Weird. My eyes have gotten better. Mine are often dry due to blepharitis and meibomian gland dysfunction. Pretty sure it was the reduction in inflammation that helped.


(*Tame Those Ghrelin Gremlins) #12

I take all my electrolytes it I now have dry tired eyes most the day. Since I started Keto and even still. I go through so much dry eye liquid. I eat plenty of salt as is, should I be having even more? It’s quite annoying actually because my dry tired eyes turn into a headache.


(Bunny) #13

Two things I do for that (production of mucin/mucus; nose, lungs, intestinal tract, genitalia (men too) and that also includes tear ducts around the eyes to produce natural tears):

  1. Type 2 Resistant Starch: (raw sweet potato cut into sticks (don’t peel it; skin intact) and placed in a glass of water in the fridge to munch on occasionally or an occasional ripe green banana; you don’t want to eat a lot of type 2 resistant starch, so if you get constant flatulence {farts}, then your eating too much of it and another tip don’t throw burning hot coffee in your gut on top of it or bullet proof coffee; wait a while let it digest)

  2. Vitamin C from Chili Peppers: if you don’t have access to raw animal adrenals…lol (vitamin C from chili peppers is the kind that actually gets into your cells, man made stuff is like trying to stuff the Empire State Building into your cells rather than the golf ball size particulates you get from chili peppers)

Beware if you lack AMY1 genes you may not breakdown resistant starch as well as other people. The gene that makes amylase, AMY1, varies in copy number from person to person. This may be the reason some people experience this dry eye thing on the Ketogenic diet along with iodine and possibly iron deficiencies.


(Doug) #14

:sunglasses::green_heart: Peppers for the win!


(PJ) #15

For heart reasons I’ve been on diuretics for… 3.5 years now. (I’m off at the moment but, despite I keep trying, usually end up back on again.)

They have a long list of side effects and one is that they dehydrate my eyeballs, literally. So I have plenty of experience with trying to combat this.

I find if I take Omega 3 (dha/epa) supplements, it reduces the dry-eyeball problem.

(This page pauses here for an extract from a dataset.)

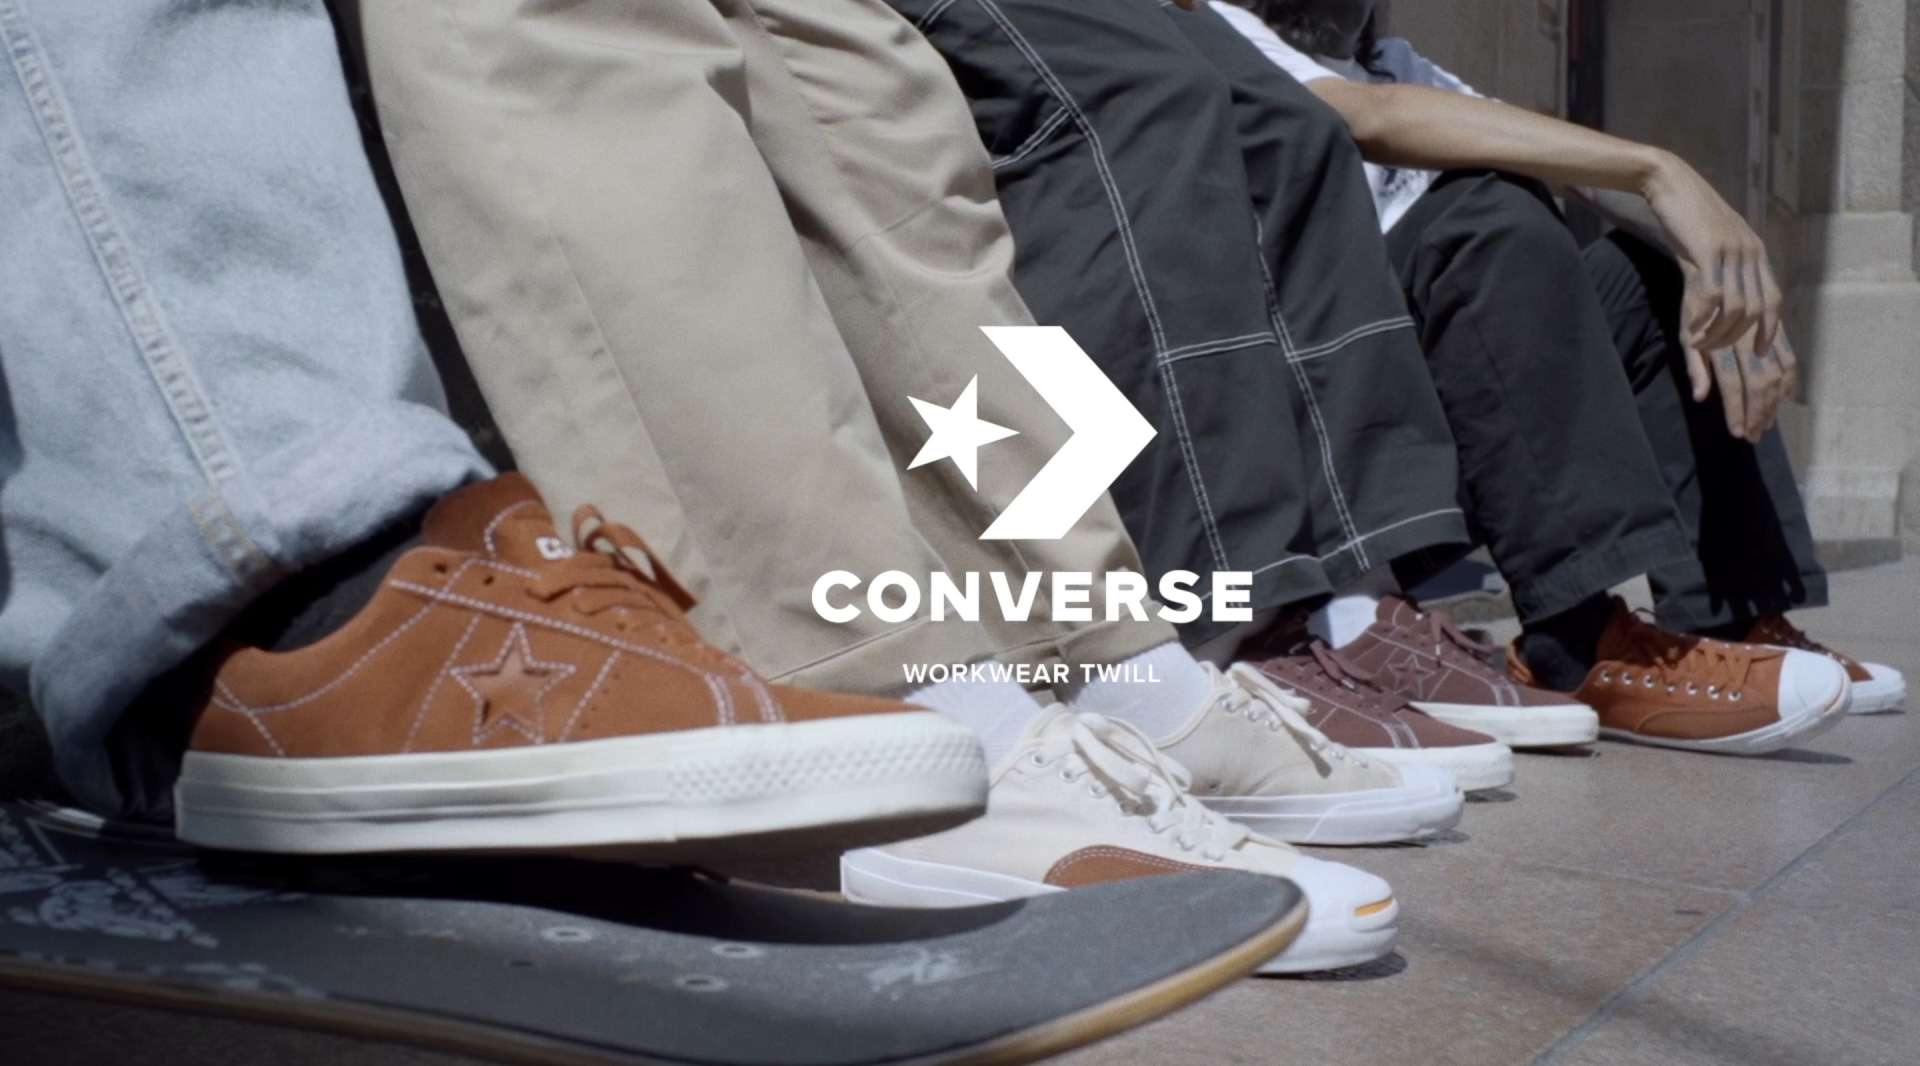 Converse work wear

Dunno if it’ll work for others. I chanced on it by accident. Haven’t actually seen that noted anywhere.


(Misty Foley) #16

Atomicspacebunny, do they need to be the very spicy kind or will just the lightly spicy ones do the trick too?


(Laurie) #18

Great question. I live in a fairly large house, at the opposite end from the kitchen and on another floor. People’s cooking really bothers my eyes, even though I’ve put weather stripping around the door.

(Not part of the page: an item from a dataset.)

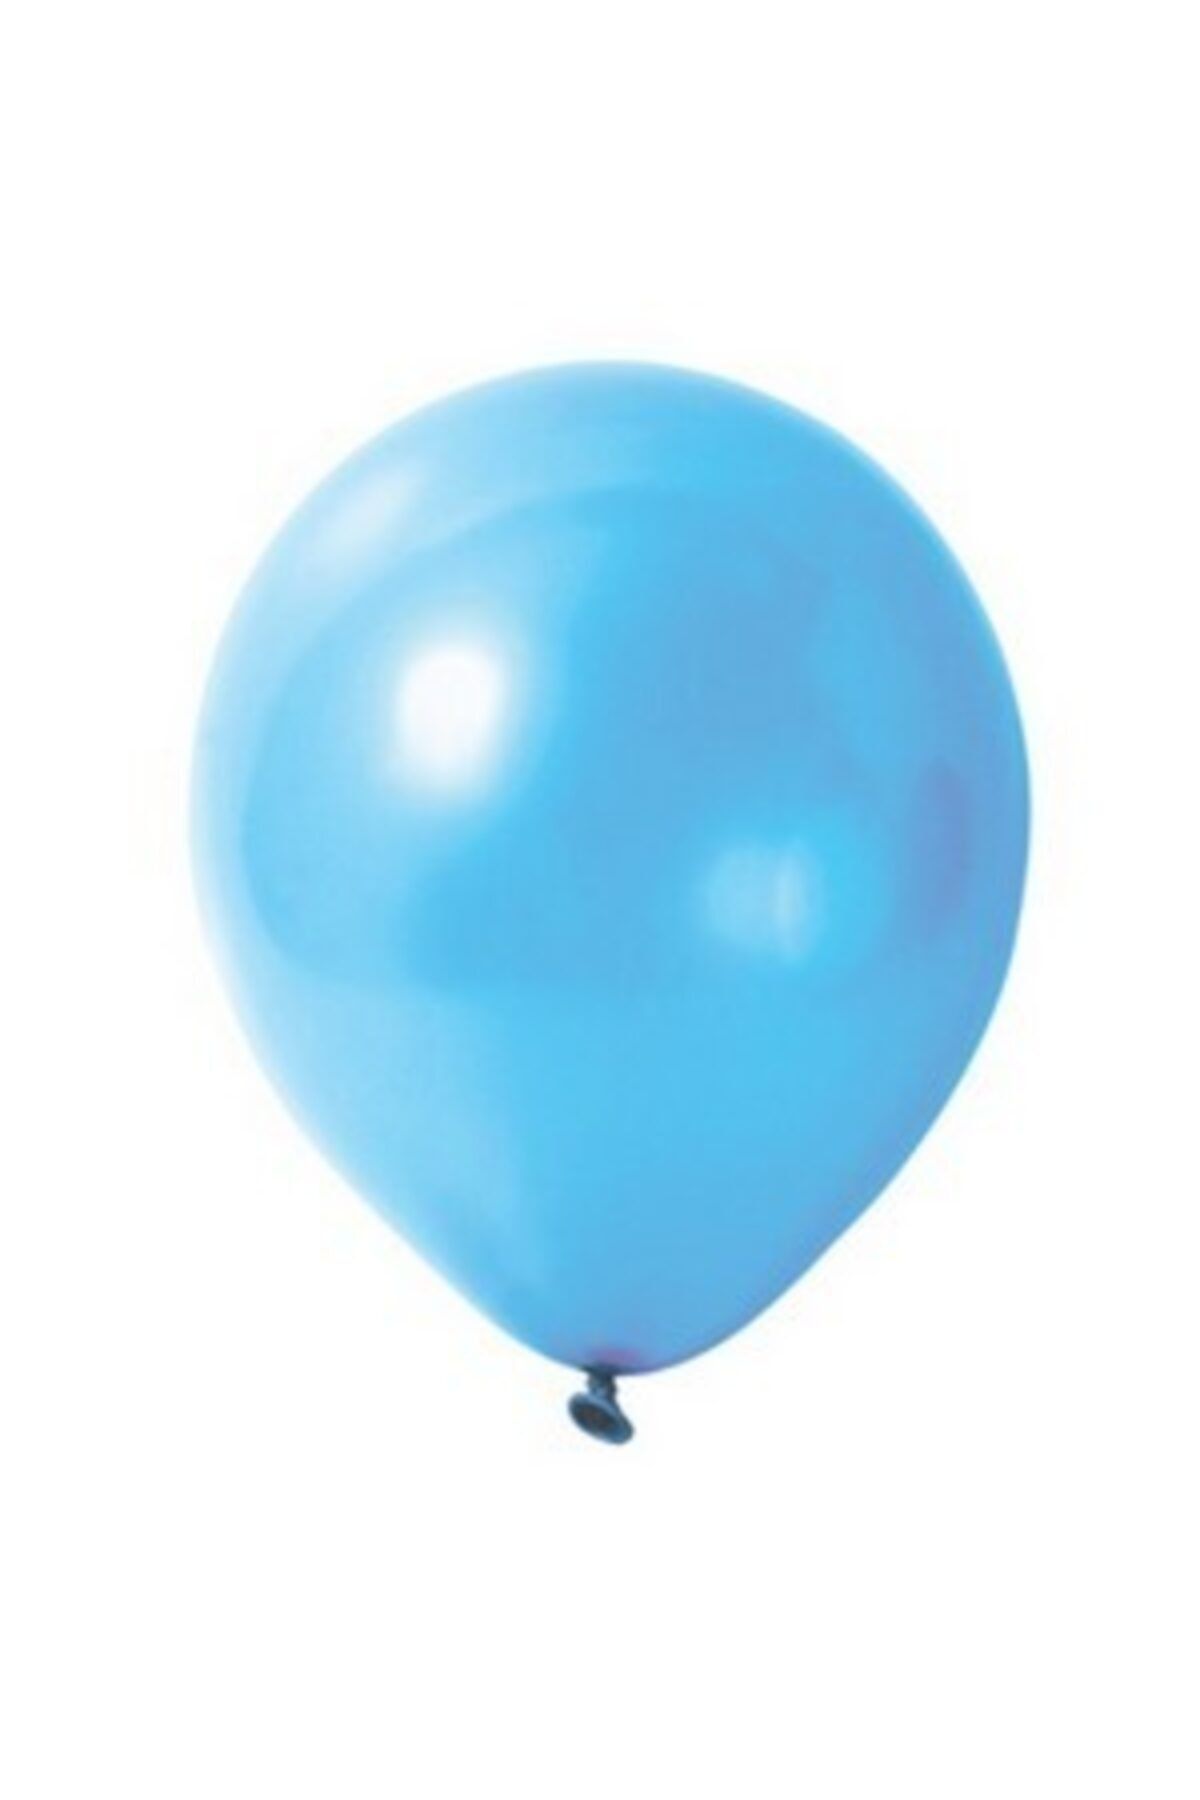 araget Metalik Latex Balon Mavi Renk 10 Adet

Apparently, being sensitive to cooking fumes is fairly common, but I never had this problem before. And I used to be a cook.


(PJ) #19

I forgot this thread, meant to come back and add “and vitamin A” but I see someone else did.

Self evidently I hope, unless you live in the rainforest or something, most climates desperately need a humidifier in the room where you are if the home has climate control, or doing the winter. That makes a huge difference to my health, how I feel in the morning… as well as to my eyes.


(You've tried everything else; why not try bacon?) #21

I find that my dry eyes are related to my allergies, not to keto. There are plenty of drops on the market that can keep them moist.